I think about this. Of course I’ve been depressed, but not the way she means. Not the completely gone depression that sends you to the hospital. “No.”
“Well, it louses up everything—the way you sit, how you stand, breathe, think—everything. What you hear, how you hear it, what you see. And especially what you read. It all seems terrible. So maybe most of it is, anyway, terrible. But if you’re depressed, it’s extra, super, drag-down awful. Take just one phrase.
Walk, don’t walk
. That thing they flash at intersections. The epitome of neutral, you’d say. But if you’re depressed? Whammo. Not neutral. Seems like a command from outer space. Negative. Controlling. Sinister. Threatening. Got it?”
“Yes.”
“So I was like that. Everything’s awful; everything’s a threat; along comes this little poem on the Internet:
Day is death / Day is destruction
—got it?”
“Well, I guess.”
“It was presented like a couple of lines from that series of Middle Kingdom prediction poems—you know the ones, the
Prophecies
,
Complaints
, and
Admonitions
, about how awful everything is going to be . . .”
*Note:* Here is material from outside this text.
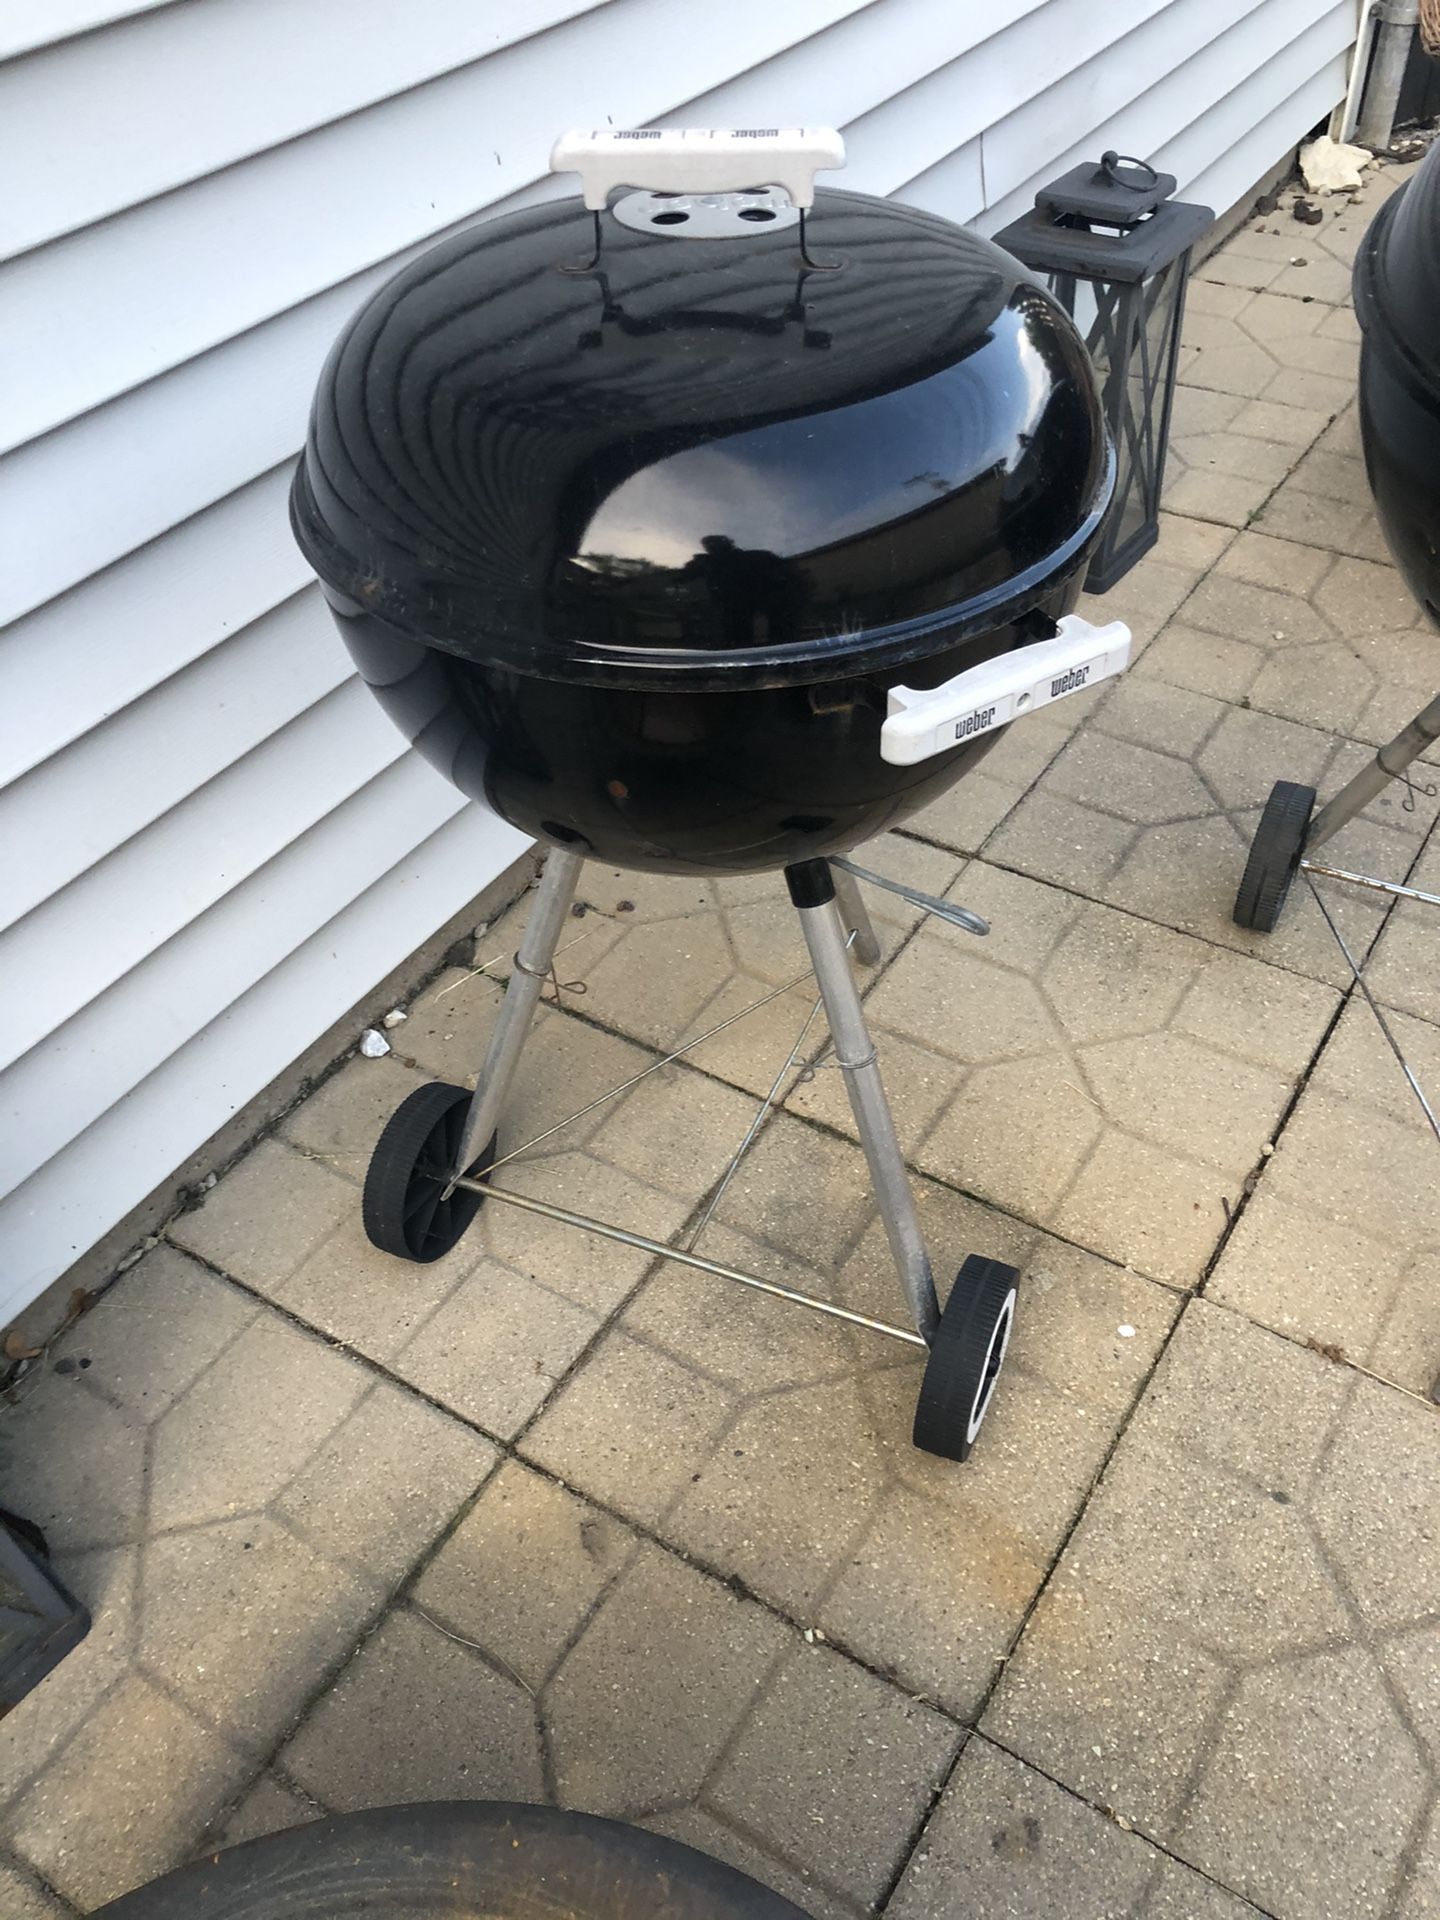 Weber charcoal grill $35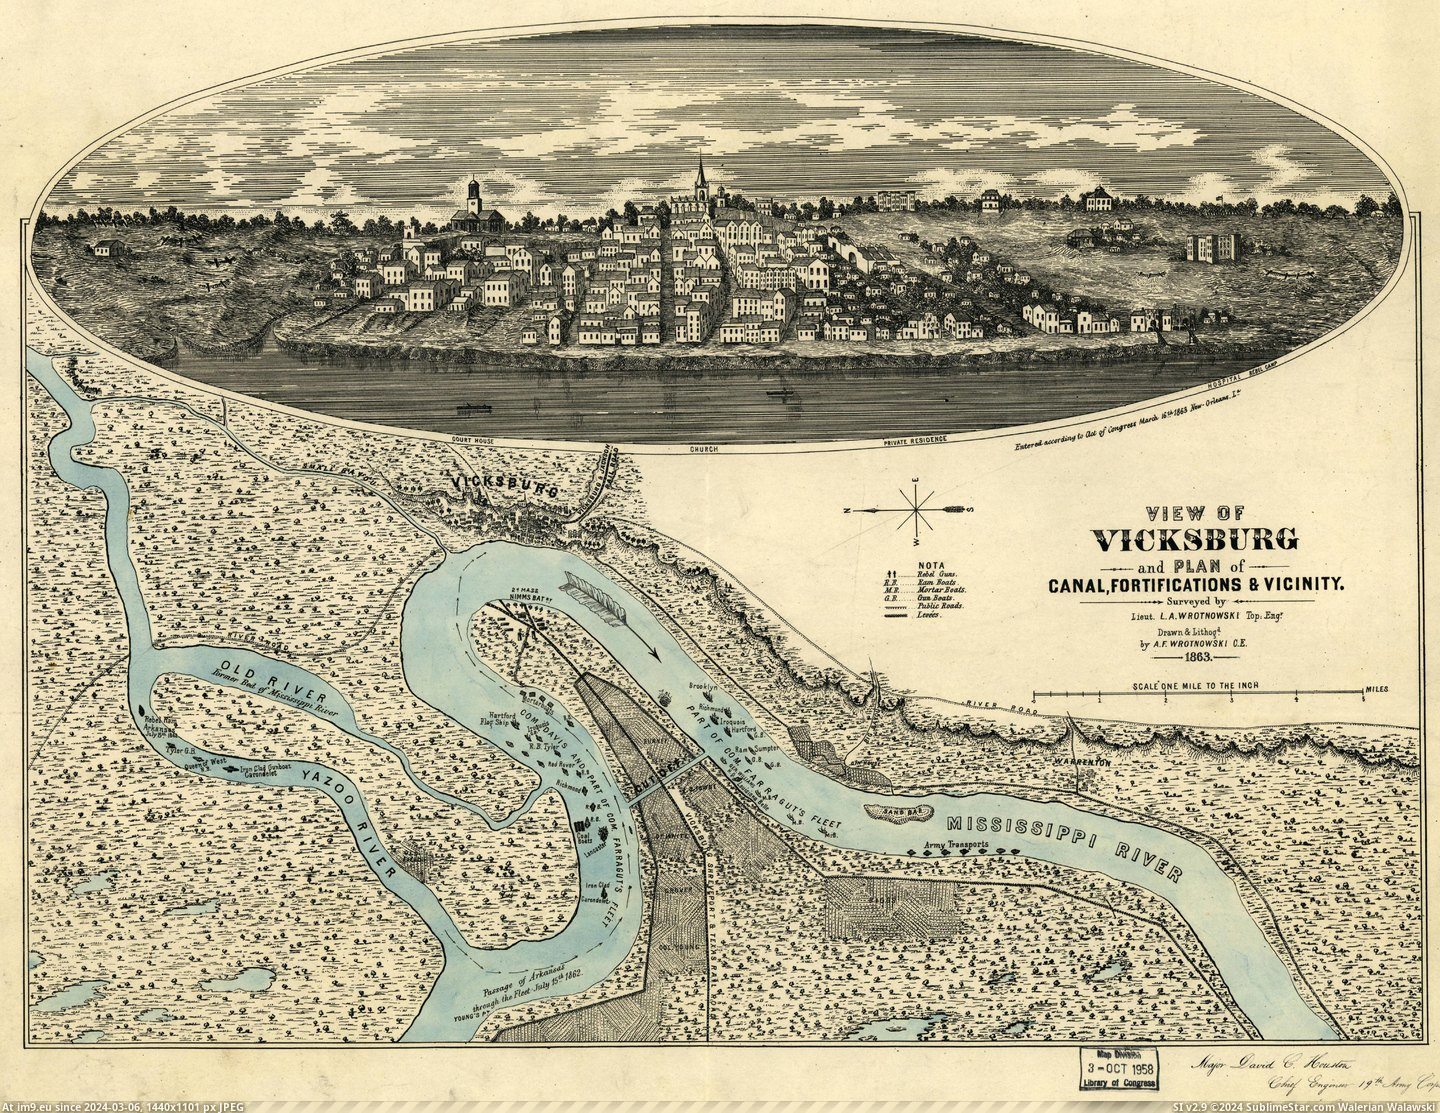 #Plan #Vicinity #Canal [Mapporn] View of Vicksburg and plan of the canal, fortifications and vicinity, L.A. Wrotnowski, 1863. [6552x5024] Pic. (Bild von album My r/MAPS favs))

I don’t tell Rita I’m flattered by her assumption that I know the poems. I’ll take her word on them.
“For me,” she goes on, “that
Day
in the poem was your dad, Edward Day. He had just come here to the museum and I’d seen him. And I used to love him a lot, back when. We used to joke—me and the other people on the dig—about his name, Day, and him being so sunny and bright. Most archaeologists don’t have much personality.”
“And you thought the poem meant something about him?”
“Well, it was crazy; I was crazy. I thought it meant he wasn’t a saint anymore; he was the devil. And then, while I was thinking that, I saw your dad on the floor with Marcus.